The High Cost of Ineffective Search

Just a quick post to a recent article on the costs associated with ineffective enterprise search.

Tidbits include:

  • According to IDC, a company with 1,000 information workers can expect more than $5M in annual wasted salary costs because of poor search.
  • A recent survey of 1,000 middle managers found that more than half the information they find during searching is useless.
  • According to Butler Group, as much as 10% of a company’s salary costs are wasted through ineffective search.
  • According to Sue Feldman of IDC, people spend 9-10 hours per week searching for information and aren’t successful 1/3 to 1/2 the time.

As I always say, there’s a reason why “enterprise search sucks” returns over 1M hits on Google, including posts from luminaries such as John Udell and Tony Byrne.

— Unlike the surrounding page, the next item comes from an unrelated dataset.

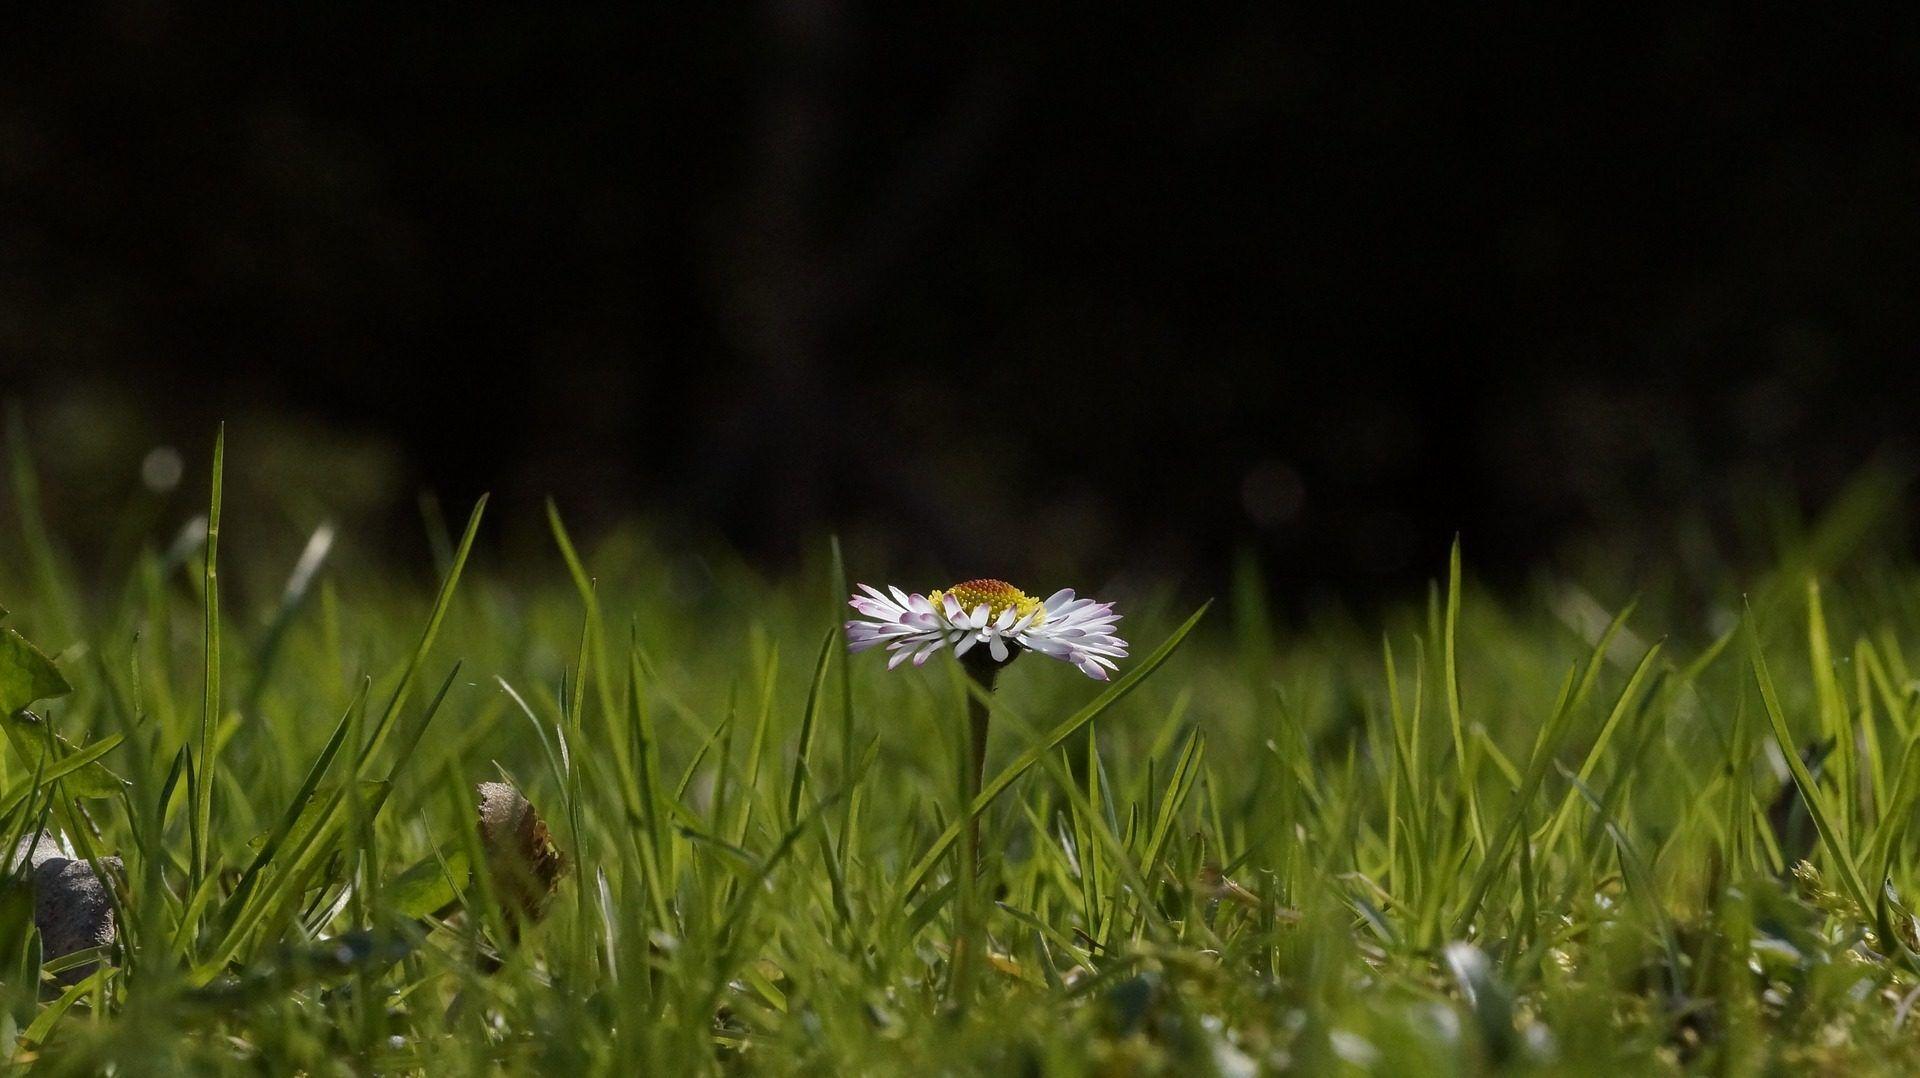 margarita, flor, campo, pétalos, hierba, solitaria, 1702081042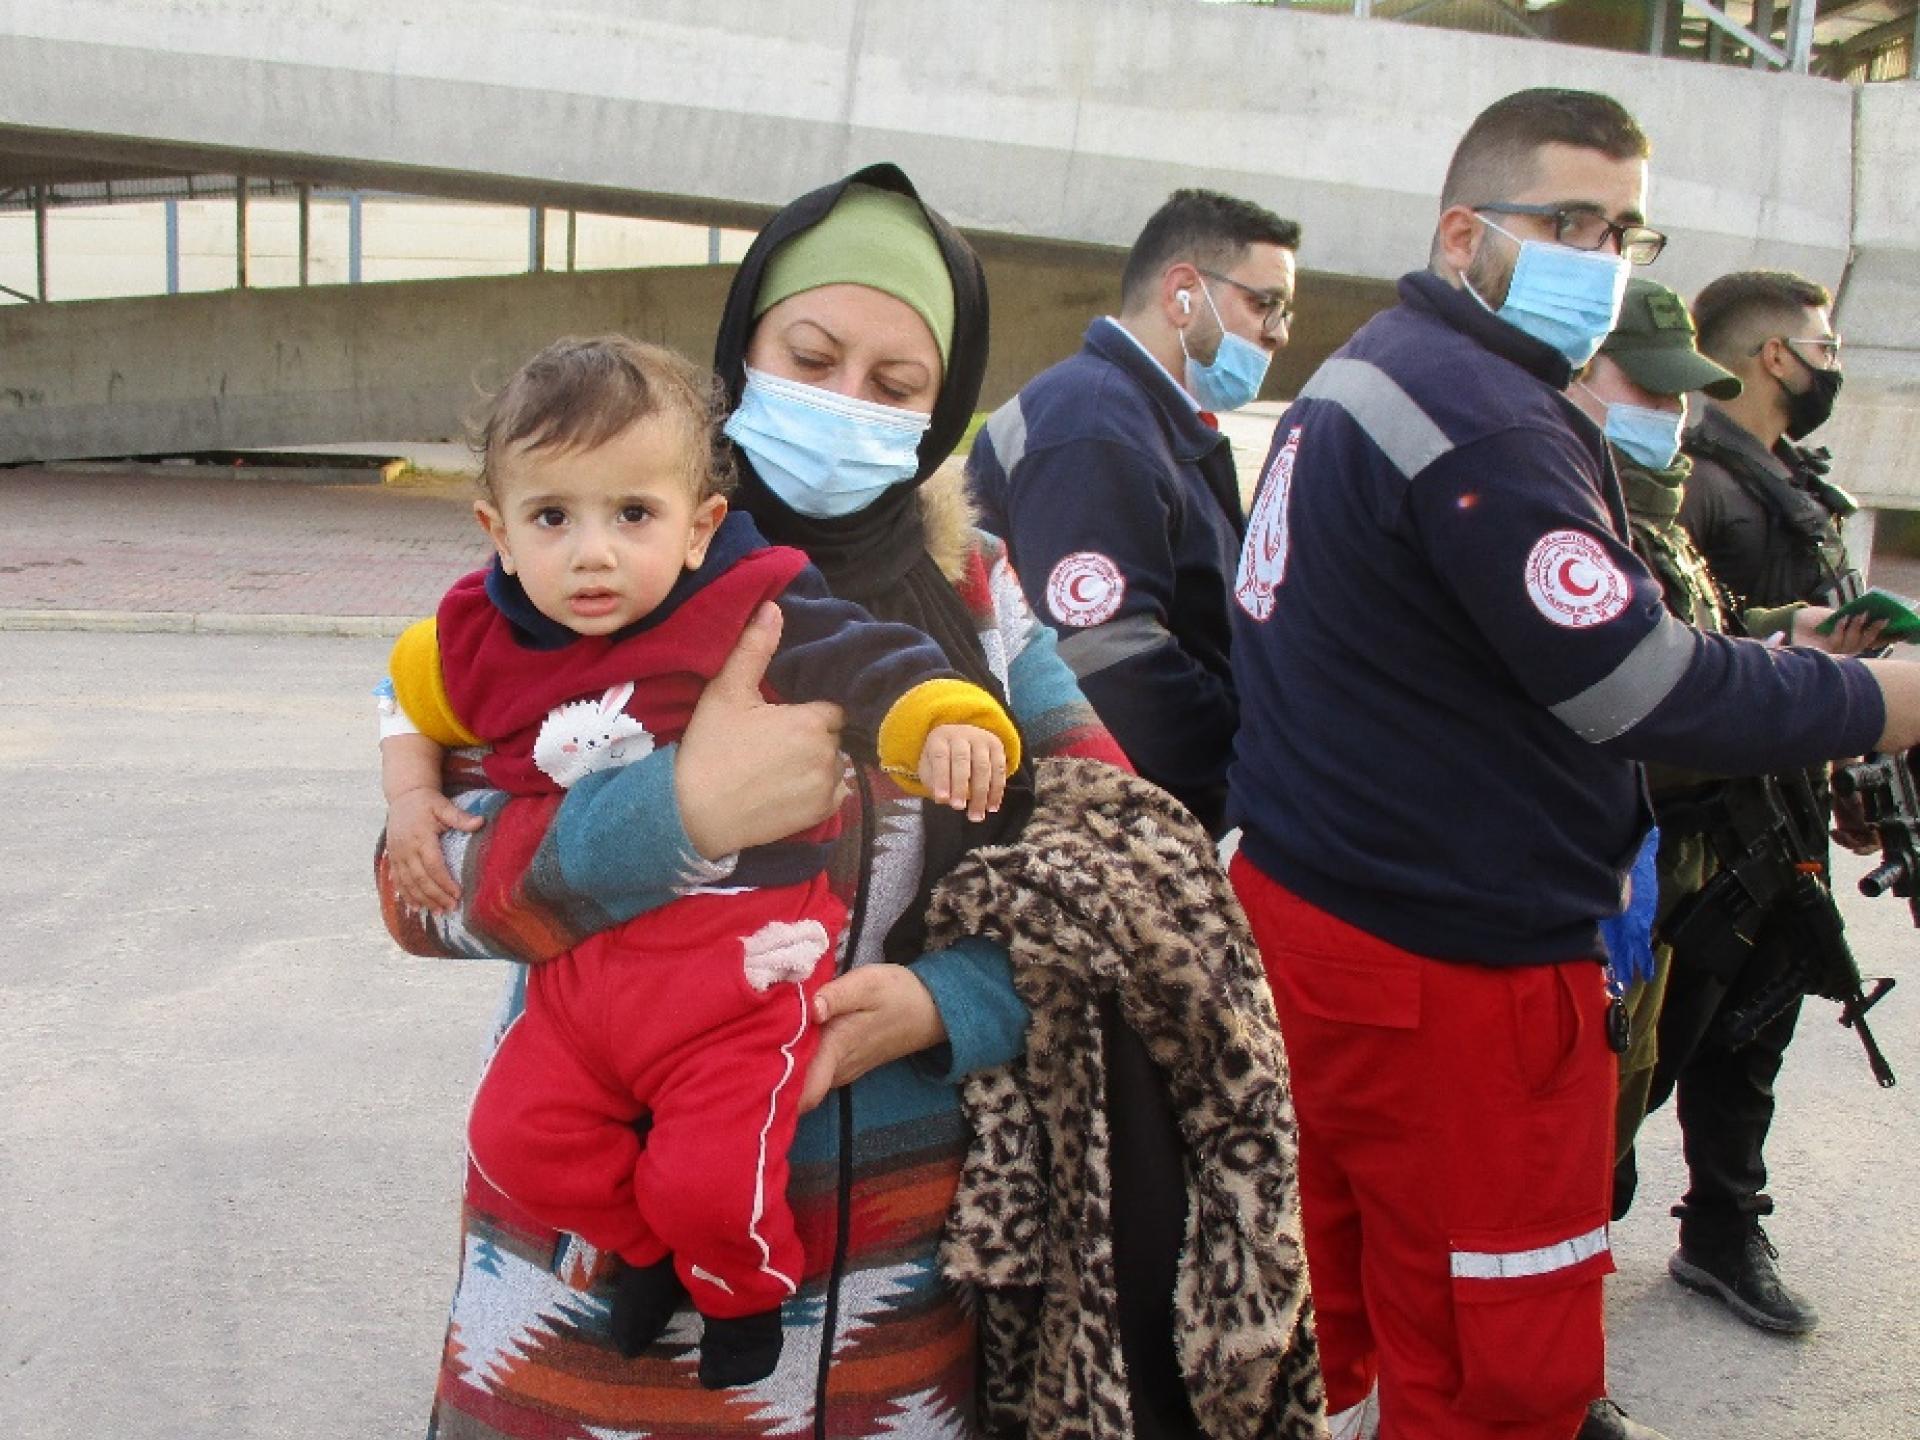 פוראת, תינוק בן 11 חודש, חולה בסרטן עטוף בידיה של אמו

While Mark Logic is not out to solve the generic enterprise search problem, I have long believed that enterprise search, as a catgory, will become stuck between a rock and a hard place.

  • The rock is the commoditization of the low-end enterprise search market through offerings like the Google Appliance and IBM OmniFind Yahoo Edition. This will suck the money out of the low end, the generic crawl-and-index market.
  • The hard place is DBMSs — specifically, DBMS-based content applications built to help people in specific roles perform specific tasks. Some people build these applications today by trying to bolt together an enterprise search engine and a DBMS (e.g., Oracle + Verity or Lucene + MySQL), but increasing I believe people will use XML content servers (special-purpose DBMSs designed to handle content) for this purpose.

When you think about it, an inverted keyword index can only help you so much when trying to solve a problem — even if you gussy it up with taxonomies and sexy extraction technology. In the end, an application designed to solve a specific problem will trump a souped-up tool every time.